No thanks to the scam artist or the temp agency, I found a job. I actually really liked it and if I had found this job first, versus the boring office, I might have stayed and had another career path. But this is Hollywood, Babe, and I was on to bigger things.
I was hired as a receptionist at a company that provided music and shows for radio stations throughout the world. It was interesting. The people were great. I loved answering the phone not knowing whether I would have to speak Spanish, French, Italian, or English. Plus, I loved being a DJ in college.
The problem was that it interfered with producing the short film. Okay, so we didn’t get into section two of the Making a Short Film class, but the director told me he had the money and wanted to make the film anyhow. Plus, from meeting other people, they seemed to say that the way to make it in film, was to make a film.
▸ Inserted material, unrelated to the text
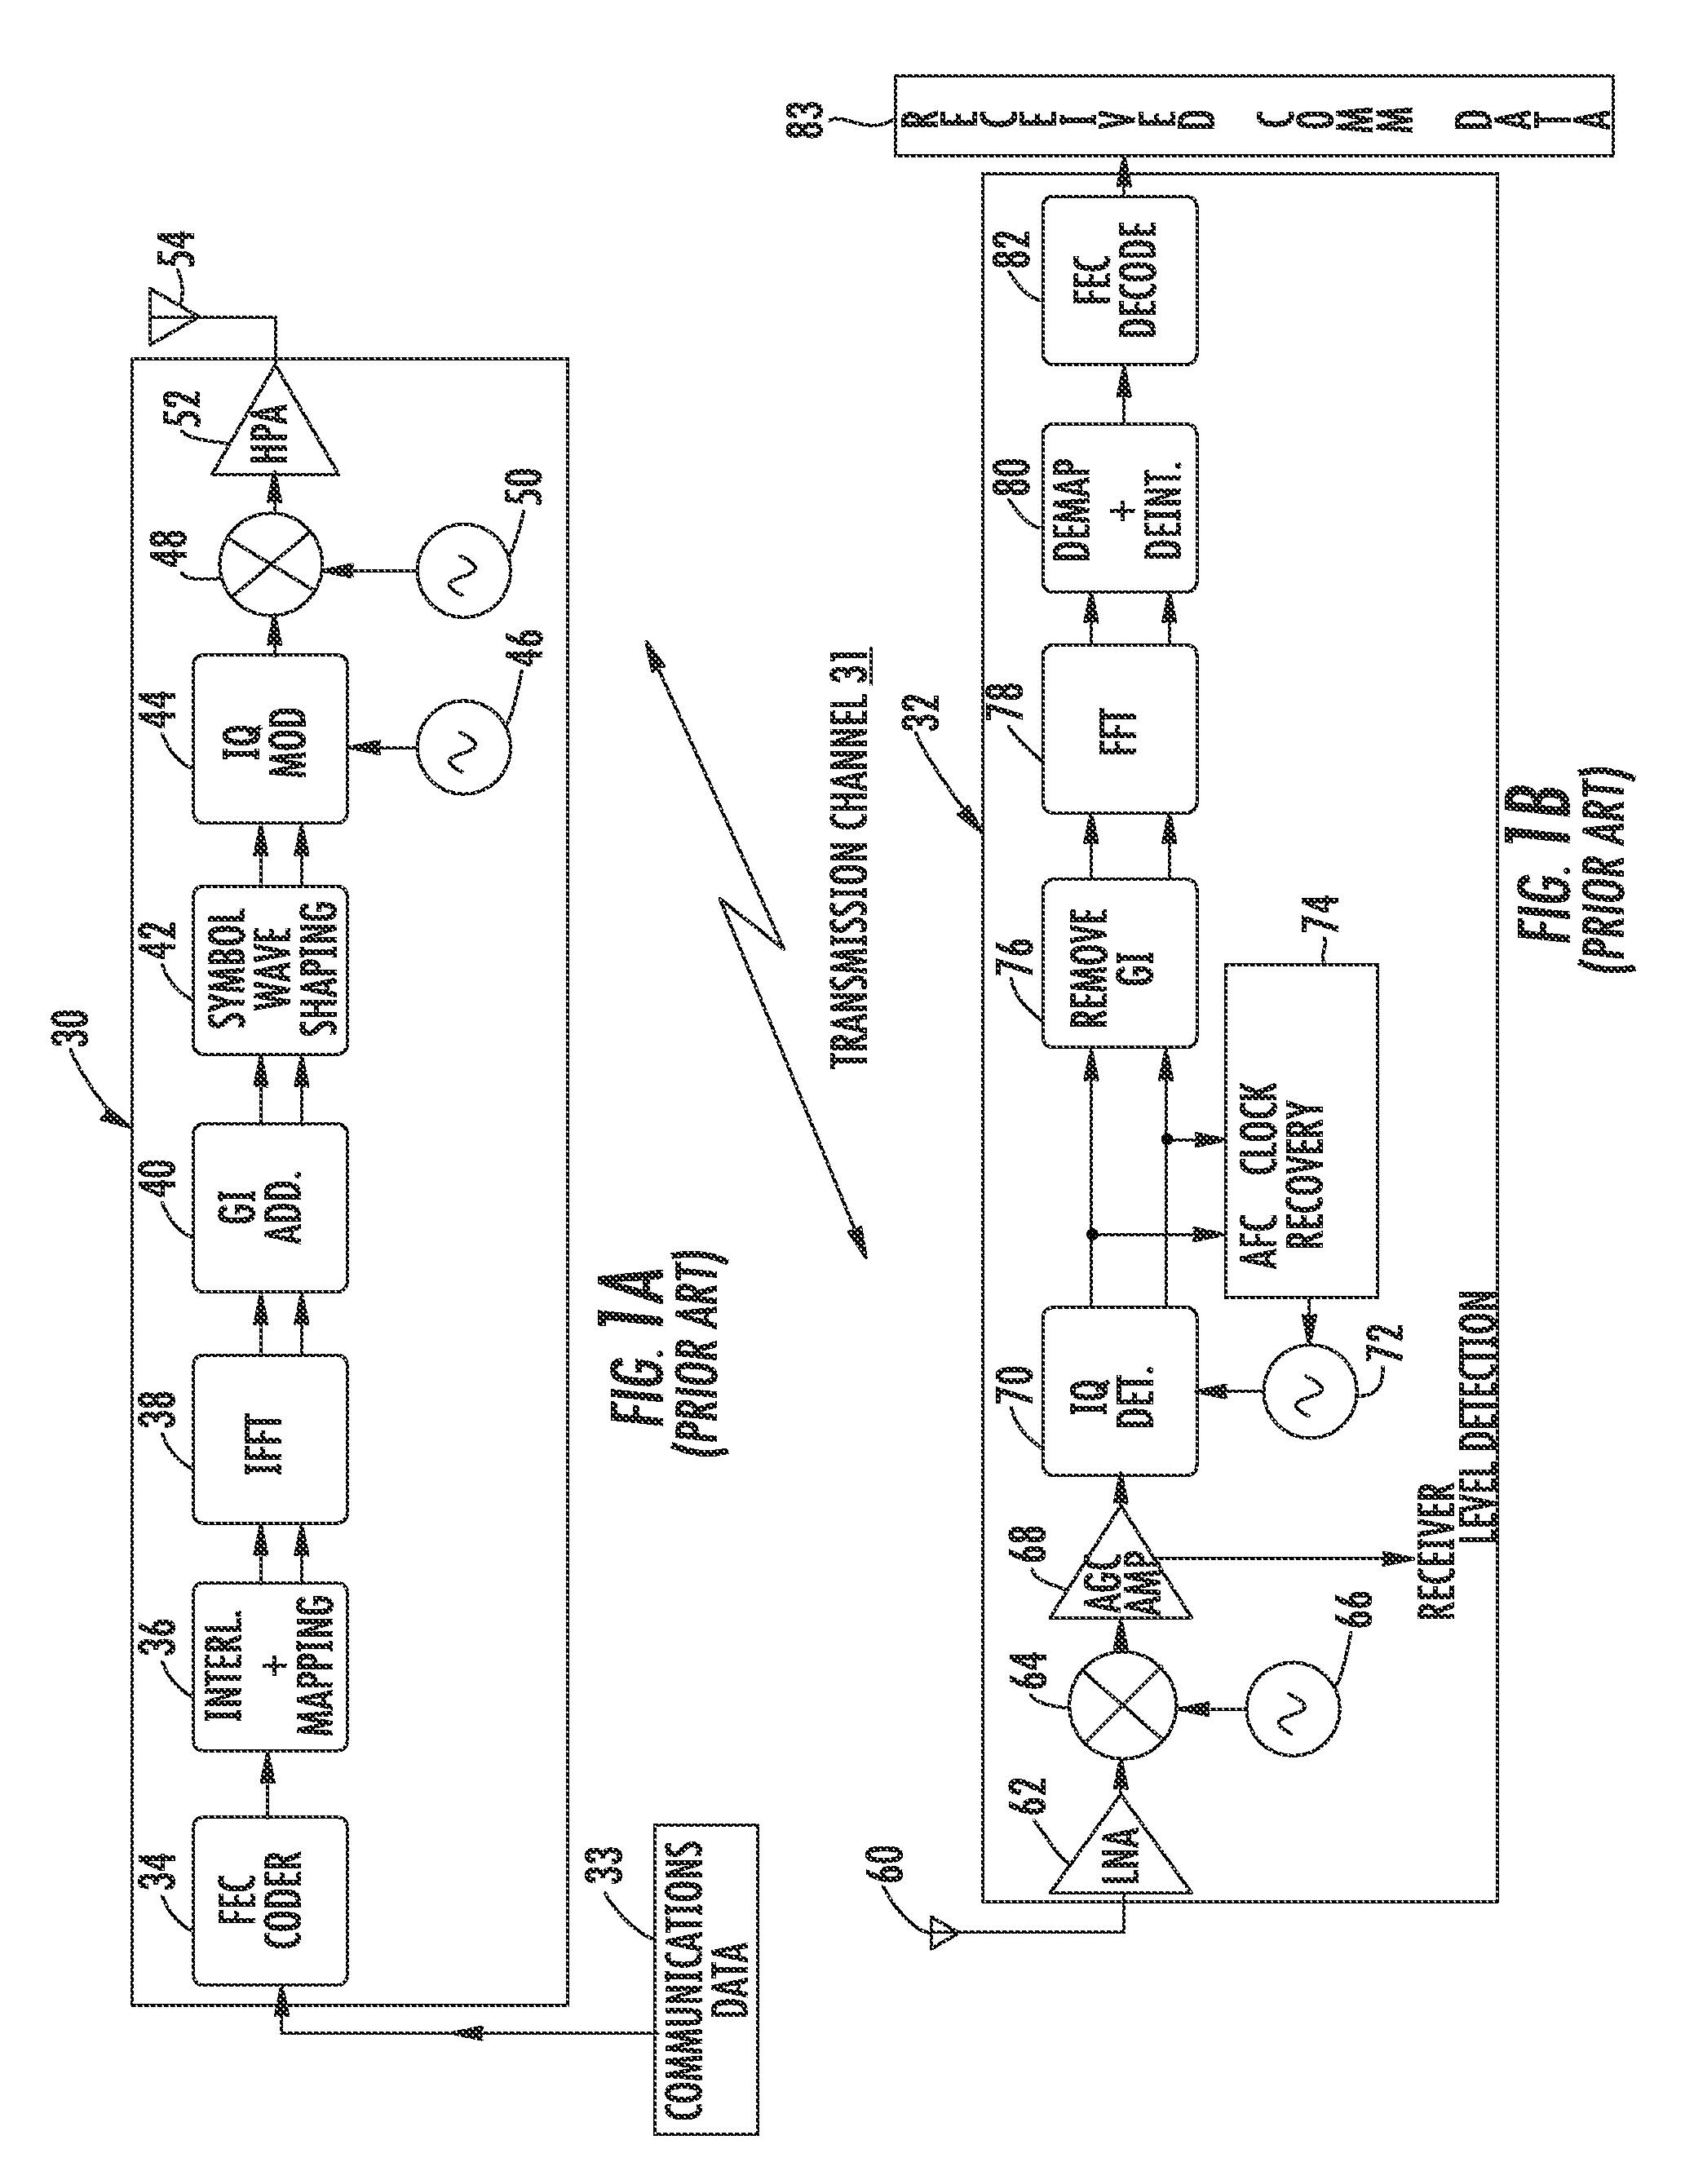 Orthogonal frequency division multiplexing (OFDM) communications device and method that incorporates low papr preamble with circuit for measuring frequency response of the communications channel

If he was paying, I was in.
I tried to make phone calls to recruit a crew and get things we needed (like film stock) during work hours but the phone kept ringing and it was my job to answer it. I then made calls at lunch but everyone I called was at lunch too. So, I sadly, had to leave this job. I told them it was because I was going to make a movie. The man who hired me said that he had lived in LA a long time and most of these dreams go up in smoke. I knew I was different!
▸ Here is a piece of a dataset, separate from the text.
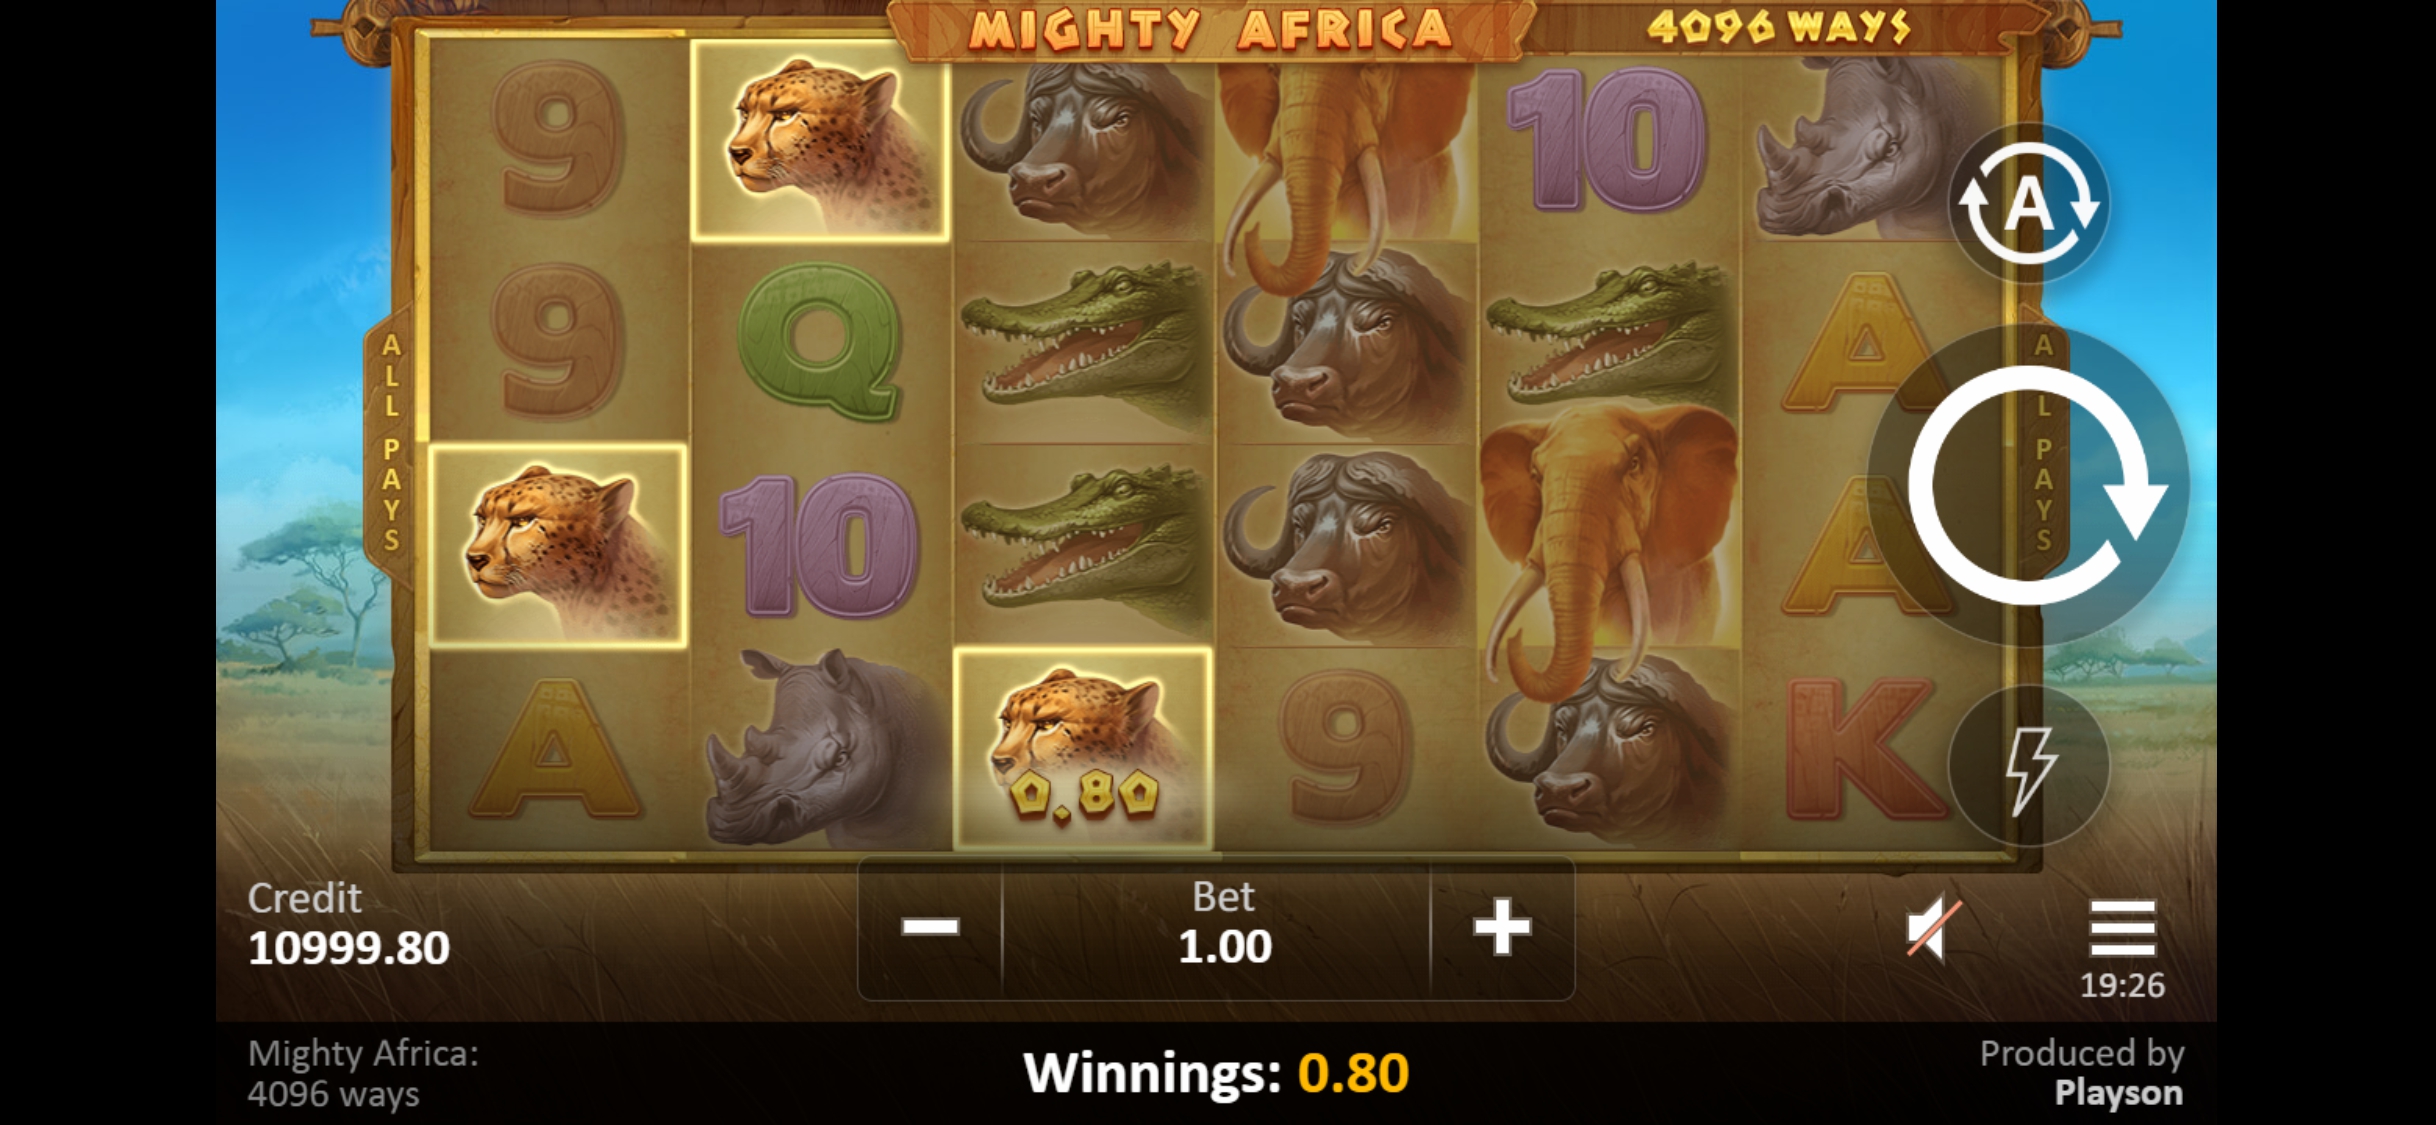 Mr X Bet Casino Mobile Slot Games Review

Instead I applied for a job where my housemate worked – an insurance agency. Great money working on a computer all day and even better, weird hours – 6am-2pm so I could make calls all afternoon. I got the job and settled there the rest of the “school” year.
Another group that did get into section two invited me to join them (and share the now group cost of tuition). I went to one class but backed out due to my lack of money for another class. Yet, the contacts I made helped me get onto my first film sets since I was hungry jump into production, any production.
But the short film I was producing wasn’t going as great as I thought. Here I was changing my job for it, not going on with the UCLA class, and thinking of investing some of my savings into it. But the director was giving off signs that maybe he wasn’t trustworthy. Once we got rejected by UCLA he got another writer and started hinting that she’d get credit too. In the early stages of a film career you don’t work for money, you work for credit. I needed a screen to say I was the writer so that I could then write other movies in the future. That’s one reason I decided to work with him – to write the movie.
We had our talks and our arguments and he promised I’d get co-writing credit since I wrote the first scripts. I had heard of these things happening in Hollywood, I just didn’t think they happened so soon. I had heard the horror stories of people writing scripts and then getting written off the credit scroll.
I decided to stay with the project just to make sure I really got my credit. For mental survival, I to put my heart into my Indigo Girls script and focused on working with women in the future. At this time we also added another producer, a male acquaintance of mine from one of my many day jobs. All of a sudden the director and this guy (who was supposed to work under me) were talking sports and I felt pushed out. I was starting to think men couldn’t be trusted in this town.
The dating scene was even worse. I loved all the meeting of people and networking and sometimes there was flirting. I knew my body type didn’t fit in – I wasn’t a size 6 or 10 even. One guy at a party said “I know what you’re thinking ‘I don’t fit in’. Don’t worry. Guys will like you because you are nice”. Nice? In a town built on not nice?
I had a lot of first dates and false hopes. Even dated briefly an old friend who lived nearby but that crashed and burned from his shy and weird issues. I mostly just networked for my career and wrote my script. I felt like the L in Los Angeles was really for Lonliness.